Рамад закатил глаза.

– Сколько раз я предлагал… – пробормотал он, глядя на замок.

– Господин?

– Ничего.

Подгоняемые ветром, они поспешили наверх. «Ветер, – подумал Рамад. – Чьим голосом он завоет сегодня?»

* * *

Мерьям терпеть не могла, когда он поил и кормил ее, но сегодня ему невыносимо было смотреть, как она борется со слабостью. Рамад сел рядом и, поддерживая голову, поднес к ее губам стакан козьего молока с медом.

Она послушно потянула напиток, немигающим взглядом уставившись на горный пейзаж на стене. Как же она исхудала… Уйти бы и заставить ее хоть немного поспать, чтобы набралась сил. Но он решил сперва выслушать ее идею.

Мерьям закончила пить и похлопала его по руке.

– Достаточно.

Рамад осторожно уложил ее обратно на подушку. Пусть Мерьям и заставила его прийти срочно, Рамад видел, что она засыпает. От нее веяло странным спокойствием – может, потому, что он наконец пришел.

– Зачем ты меня вызвала?

– Потому что мне нужна твоя помощь.

– Не нужно меня ни о чем просить, я готов.

Мерьям усмехнулась: ее смешок был словно перестук первых камушков катящейся лавины, который немедленно перерос в приступ кашля.

– Будь осторожен, предлагая помощь, братец. Моя просьба может тебе не понравиться.

Пусть они с Мерьям и не были в кровном родстве, но частенько звали друг друга братом и сестрой. Только это им осталось после смерти Ясмин, настоящей сестры Мерьям. Когда-то ему нравился этот их маленький ритуал, нравилось дразнить Ясмин, которую это их наигранное «Брат! Сестра!» и глумливые ухмылки ужасно раздражали. После ее гибели, после смерти Реханн, шутки кончились. Теперь это обращение причиняло ему лишь боль.

– Я знаю, что это опасно, сестра. И все же, чего ты желаешь? Мне исполнить волю твоего отца и позвать других магов из Альмадана?

Мерьям отмахнулась от этого предложения, как от надоедливой мухи.

– Нет. Мне нужен твой разум. Твоя воля.

– Мой разум и воля? – Рамад скрестил руки на груди. – Как у меня получится то, чего не смогла ты?

– Вот мы и подошли к самому сложному. Хамзакиир, похороненный заживо, десятилетиями лежал во дворце Кулашана.
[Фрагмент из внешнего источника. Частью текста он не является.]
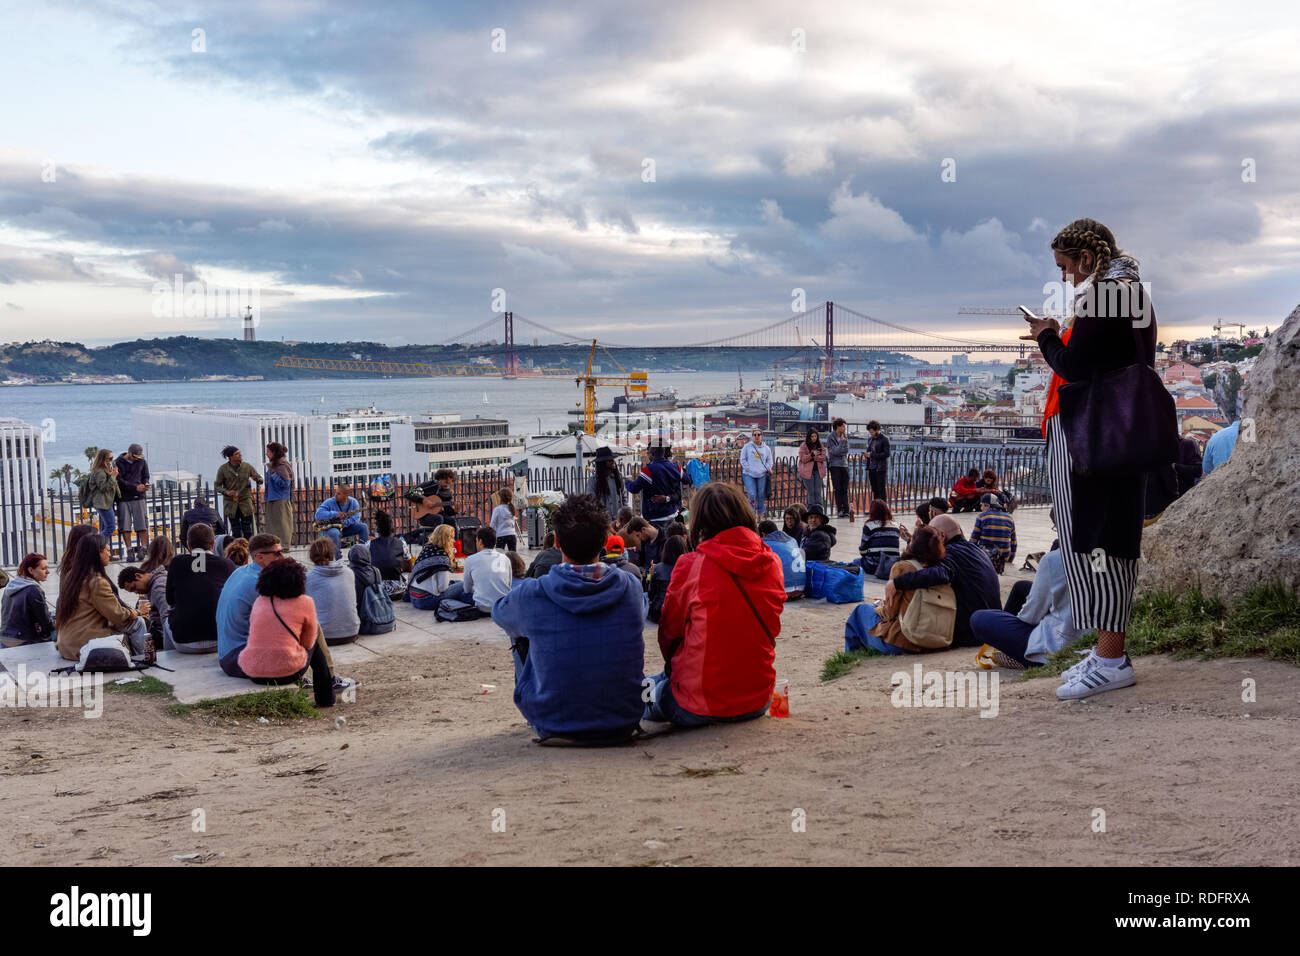 Los jóvenes disfrutando del atardecer en el Miradouro de Santa Catarina en Lisboa, Portugal. Foto de stock

Он напился крови одного из людей Масида, но жаждет еще. Я думала, что в этом мое преимущество, и пыталась измотать его, но он коварен и осторожен, Рамад. Стоит мне подумать, что он на крючке, как все срывается. А сегодня… я едва не попалась в его ловушку.

– Значит, нужно подождать. Пока мы морим его голодом, ты отдохнешь и накопишь сил.

Мерьям нахмурилась.

– Нет. Он слаб, потому что я не даю ему передышки. Я не знаю, как он столько прожил и держится без крови… Возможно, это часть договора, что он заключил с Гулдратаном. Нет. Я не отпущу его.

– Так что я могу сделать?

– Мне нужно приманка.

Рамада ее ответ не удивил, но то, с какой жадностью она произнесла «приманка», заставило поневоле задуматься, не иссякают ли и ее силы.

– Ты хочешь, чтобы я его выманил.

Мерьям кивнула.

– Чтобы ты выманил его, да. Тогда он станет уязвимым.

– И как мне это сделать?

– Своей кровью, братец.

– Ты хочешь, чтобы я напоил кровью человека, который убьет нас, как только вырвется?

– Либо так, либо просто покончи с ним уже.

– Именно это я и предлагал все время. Давай вернемся в пустыню, швырнем его в пасть Гулдратану и продолжим охоту на Масида.

Мерьям покачала головой. Ее снова затрясло.

– Даже если б я захотела… отец не позволит. Хамзакиир слишком ценная фигура в этой игре. Царь так легко от него не избавится.

– Гулдратан – серьезная угроза для всех нас, и опасность растет с каждым днем.

– Сколько пафоса! Мы с тобой в опасности, это верно. Но только мы.

Рамад глубоко вздохнул. Он не собирался снова об этом спорить, прекрасно зная, что ни Мерьям, ни ее отец не передумают.

– Когда?

Мерьям улыбнулась, глядя на него с гордостью, как смотрят на какого-нибудь племянника, только что сделавшего отличный выстрел из лука.

– Я бы не откладывала.

А ведь Рамад думал, что Дана’ил ошибся. Сперва он и Мерьям не поверил, решив, что она пошутила. Но Мерьям не улыбнулась в ответ. Она была предельно серьезна.

– Ты еще не готова.

– Он ослаб.

– Ты тоже ослабла.

– Я знаю, что выгляжу хрупкой, братец, но я готова и не желаю откладывать. Вместе мы сломаем его.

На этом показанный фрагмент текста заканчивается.